Dini sadece kendimize indirgeyerek ve sosyal boyutunu tıraşlayarak "bireysel" yada "butik" davranışları kabulleniyor ve "biz" kaygısından "ben"e pupa yelken ilerliyoruz.

Oturduğun yerde "vicdan yapmak" ne işe yarıyor ki...

Dişiliği ön plana çıkarıp kişiliği yok saymak eski bir cahiliye geleneğidir.


Ayşegül Genç, ülkemizde uzun yıllardır tartışması yapılan, herkesin bir tarafından tutup çekiştirdiği başörtüsü konusunu ana eksene almış  (şöyle zulüm gördük, böyle sıkıntı çektikten ibaret bir kitap değil, onu belirtmek isterim).
Dar bir perspektif düşünülmesin başörtüsü dediğim için; yazar hiç çekinmemiş, hem nalına hem mıhına hesabı, yeri geldiğinde gidişattaki hal ve hareketleri inceden inceden dokundurmuş hem başörtülülere hem de onlara (hem olumlu hem olumsuz anlamda) bazı sıfat ve beklentileri yükleyenlere.

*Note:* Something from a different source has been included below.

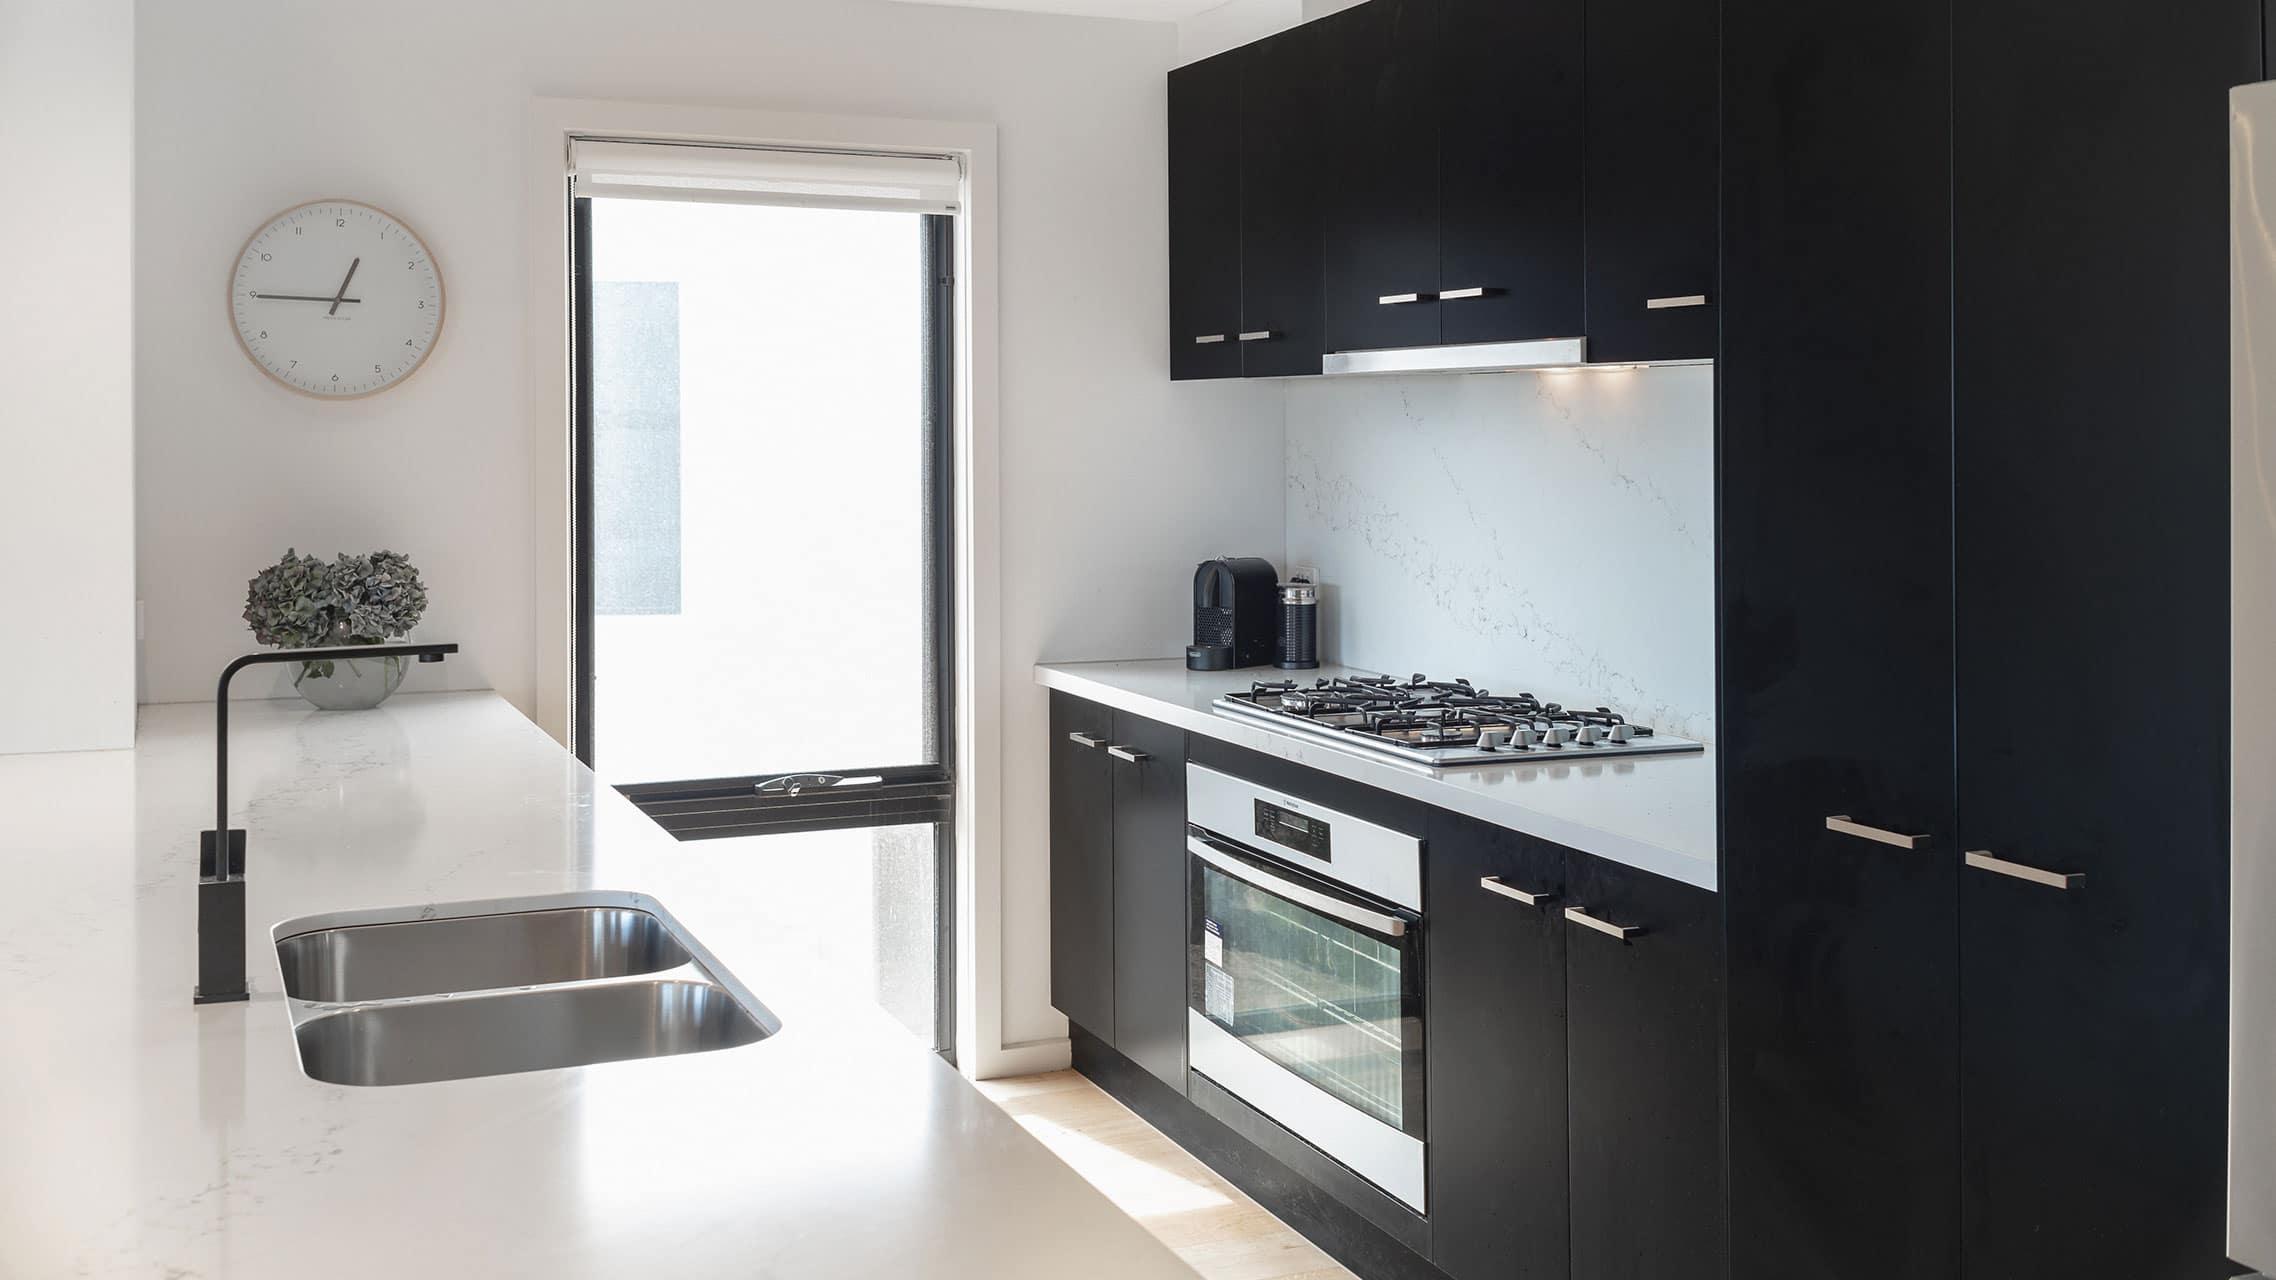 Black Aluminium Awning Window in a kitchen

İlginç konular da var içerikte, mesela; 
marka pazarlamak için reklamlarda çocukların kullanılıyor olması, 
sosyal medyada ulu orta her şeyin fotoğrafının paylaşılıyor olmasının arkasındaki haleti ruhiye,
çocuk esirgeme yurtlarına ziyaret için gitmeden çok çok önce insanın psikolojik olarak buna hazırlanması gerektiği (bu bölüm beni gerçekten derinden etkiledi, çok haklıydı yazdıklarında), 
başörtülü bayanların giyim kuşamlarının günümüzde ne hallerde olduğu ve tesettür modası diye bir şeyin ne mantığı olduğu gibi...

Aslında özetle şunu söyleyebilirim; içimden geçen pek çok şeyin yazıya aktarılmış halini okudum ben bu kitapta. Zaman zaman kendi başımdan geçenleri, hissettiğim çaresizlikleri samimi bir arkadaşımla sohbet ortamında konuşuyor gibi hissettim. Sayısını bilemeyeceğim kadar çok kitap varken evrende, tekrar tekrar okuyabilirim dediğim ender kitap vardır hayatımda. Ve bu kitap da artık onlardan bir benim için, bunu gönül rahatlığı ile söyleyebilirim.

Kitabı bitirdiğimde vardığım kanı; yazarın hissiyatlı, insancıl ve bir müslümana yakışacak hal ve hareketleri mümkün olduğunca tatbik etmeye çalışan bir bayan olduğu.

Severek okudum, gönül rahatlığı ile de -naçizane- tavsiye ederim.